SIMON WHALEY

Captivating Crickhowell – Bonus Bits!

My feature about the Welsh Border town of Crickhowell can be found in the current issue of The People’s Friend, and as with all such pieces, there’s only so much that you can fit into three pages, and only so many photos. So here’s some bonus bits that didn’t make the cut …

Captivating Crickhowell in the issue dated 2nd March 2019 of The People’s Friend

My first stop on my journey was to the fascinating Tretower Court and Castle, a few miles west of Crickhowell. Photographic regulations meant I could offer my own photos for the article, but here’s some that I took, of these fascinating buildings revealing how our living standards changed over a couple of hundred years …

Looking up through the central tower of Tretower Castle – once the poshest living accommodation in town!
This is looking much more comfortable now – an upstairs hall of Tretower Court.
The dining room of Tretower Court – perfect for showing off to your friends at a dinner party!

You may have spotted my comment in the article about a delightful bookshop with a cafe downstairs, where I partook in an extremely tasty slice of gluten-free Jaffa Cake. Well, the bookshop in question is Book-Ish, who not only helped take some money off me in their wonderful cafe, but also upstairs in their delightful bookshop.

St Edmund’s Church, Crickhowell, Powys, Wales

Do take a look inside St Edmund’s Church, while you’re there.
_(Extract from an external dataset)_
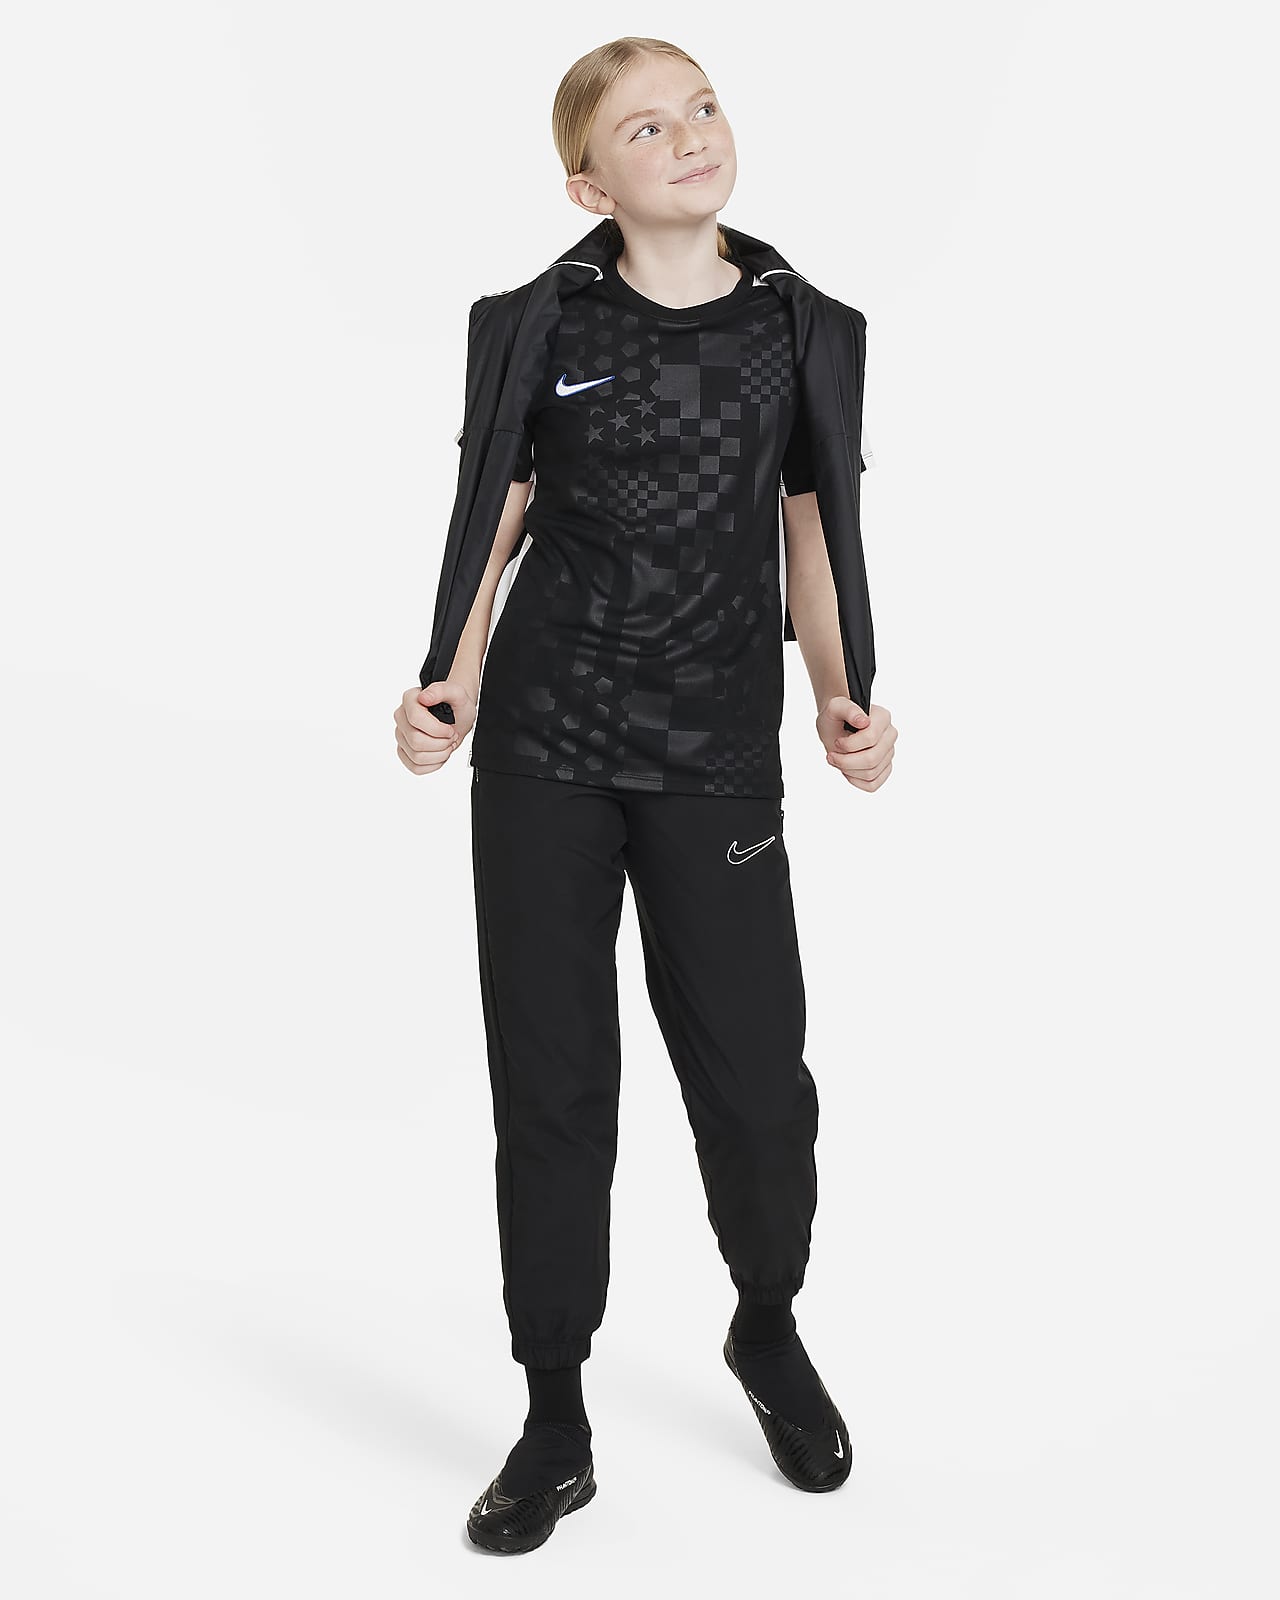 Nike Dri-FIT Academy Big Kids\' Soccer Top. Short-Sleeve

That’s where I found the effigy of Lady Sybil Pauncefote who cut off her hands as a ransom payment to get her husband back from his captors during a 13th century crusade. (Perhaps this image was a little too gruesome for the magazine?)

Effigy of Lady Sybil Pauncefote in St Edmund’s Church, Crickhowell, Powys, Wales

The town centre is a delightful mix of independent (and colourfully dressed) shops – click here for a list of retailers and what’s available to tempt you to get out your wallet/purse.

Greengrocers shop in the High Street, Crickhowell, Powys, Wales

Beaufort Street Car Park is the best place to park. Do be careful while walking through town – the main A40 runs through the town, and while the traffic is slow, some large lorries (somehow manage to) navigate its tiny streets, and narrow pavements. (Some sections of pavement seem to run through buildings in places. (Check out the path past/through Webbs of Crickhowell, opposite The Bear Hotel!

My trip then took me from Crickhowell to Llangattock Quarry Car Park, a short, but heart-stopping drive. It’s an extremely steep, narrow road that leads from Llangattock, on the outskirts of Crickhowell to the quarry car park (one that has grass growing down the middle of it in places). Not only that, but on the day I visited it was bin collection day, and several wheelie bins were out on the side of the road ready for collection. Luckily I managed to reach the car park without meeting a dustcart coming in the other direction!

Narrow lanes to Llangattock Quarry Car Park.

The journey was worth it, for the views across the Usk Valley were fabulous.

The Usk Valley, looking towards Abergavenny and England, from Disgwylfa Quarry, near Crickhowell, Powys, Wales

It’s an amazing landscape up at the quarries, which nature is slowly reclaiming. And it’s brilliant for birdlife, too. I spotted several buzzards, and caught sight of a female stonechat, flitting across the tops of the bracken and gorse bushes.

Llangattock Quarries, near Crickhowell, Powys, Wales

I hope that’s whetted your appetite for Crickhowell. If you want to know what else is going on then check out their What’s On Guide.